Armando Babaioff fala sobre o indeciso Thales de “Ti-Ti-Ti”


O ator Armando Babaioff (14/3/2011)

Esta é segunda vez que Armando Babaioff, o Thales de “Ti-Ti-Ti” faz um personagem homossexual na carreira. A primeira foi no espetáculo “Quietude”. “Na peça teve beijo. Na TV eu acho complicado, principalmente pelo horário. Tenho certeza de que não vai ser essa novela que vai inaugurar. Não serei eu a entrar na estatística”, brinca. Na reta final do folhetim de Maria Adelaide Amaral, o personagem de Babaioff mostra certa insegurança frente as investidas de Julinho, vivido por André Arteche, para assumir o relacionamento entre eles.

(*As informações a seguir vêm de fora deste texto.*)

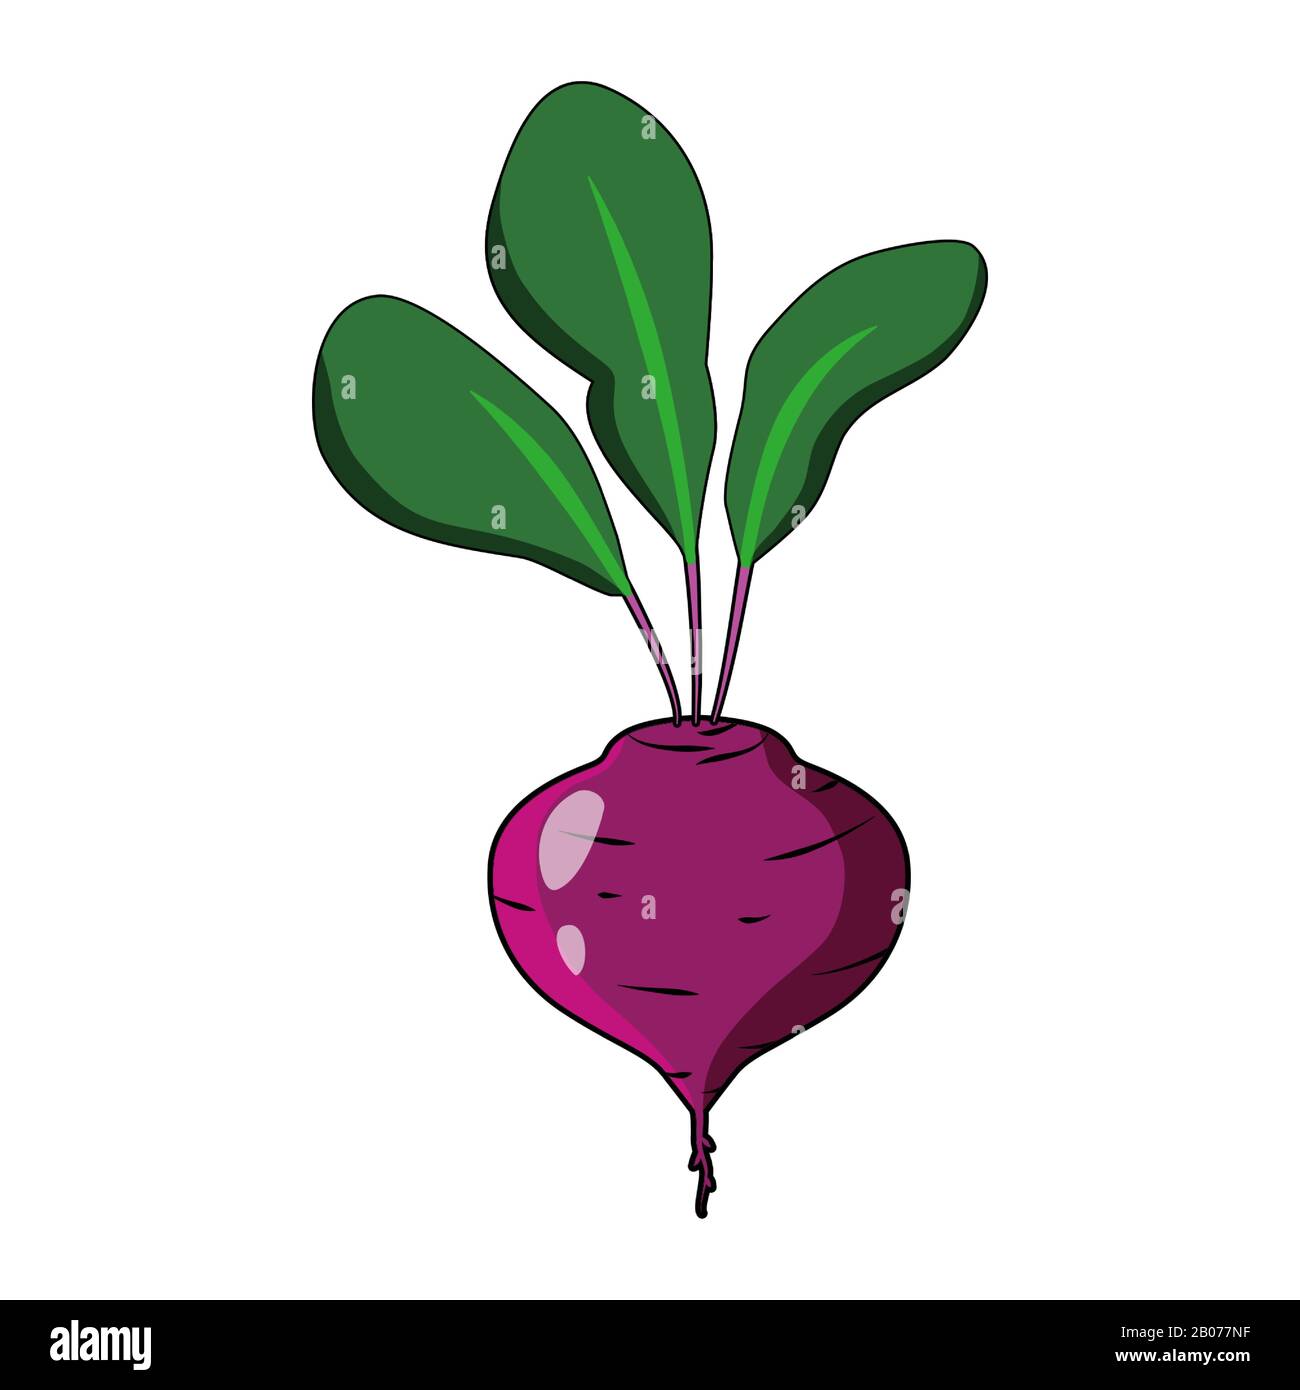 Beet with leaves Vector illustration. Red Beet flat style logo icon Stock Vector

Thales começou a novela como um surfista dono de uma confecção. O problema era que só herdaria a fortuna de sua família se ele aceitasse se casar. “Tudo que eu sabia do era o que tinha na sinopse. O nome, o que ele fazia, mas não dizia ao certo a função dele na trama”, conta. A escolhida para ser sua esposa foi Jaqueline, vivida por Cláudia Raia. Mas a relação pouco lembra a de marido e mulher, pois ela virou conselheira afetiva do rapaz.

Como foi o seu processo de criação para o Thales de “Ti-Ti-Ti”?
Por ser um personagem da praia e pelo fato da novela se passar em São Paulo, então na minha concepção eu sabia que eu tinha de alguma maneira “levar esse sol” para São Paulo. Foi uma metáfora que criei para mim. Ele não estava vindo de Saquarema à toa. Ele não estava vindo de alguma praia à toa. Na mesma hora me veio um personagem solar, pra cima. Quem pratica o surfe não é uma pessoa parada. Então tive essa preocupação para poder ter algum suporte onde me agarrar.

Que característica te atrai na profissão?
O processo criativo me seduz em qualquer instância. Gosto de criar. Para mim a parte mais divertida é a criação. E fazer novela é muito divertido porque você está fazendo algo que acaba, mas ela só conta um período da história de vida destes personagens, então é um personagem que não vai estar acabado.

Quando você viveu o encrenqueiro Felipe, de “Páginas da Vida”, teve de aprender artes marciais. Qual a importância deste tipo de laboratório na sua interpretação?
Tive a oportunidade de fazer algo completamente fora de minha realidade. Eu nunca tinha frequentado aulas de jiu-jitsu, judô, karatê. Tive a chance de estudar isso durante dois ou três meses. Foi muito bom esse “mergulho”.

Na novela “Duas Caras”, o Beloniel deixou de ser um vagabundo para procurar emprego. Como você lida com a função do marketing social na interpretação?
Contávamos a história da dificuldade de se conseguir um primeiro emprego e como tirar uma carteira de trabalho. Isso foi muito positivo porque eu via a reação das pessoas nas ruas. Uma mãe já me falou: “Você é um exemplo dentro da minha casa”. É muito bom você poder contar uma história e essa história ter uma função para a sociedade. Eu acho muito válido.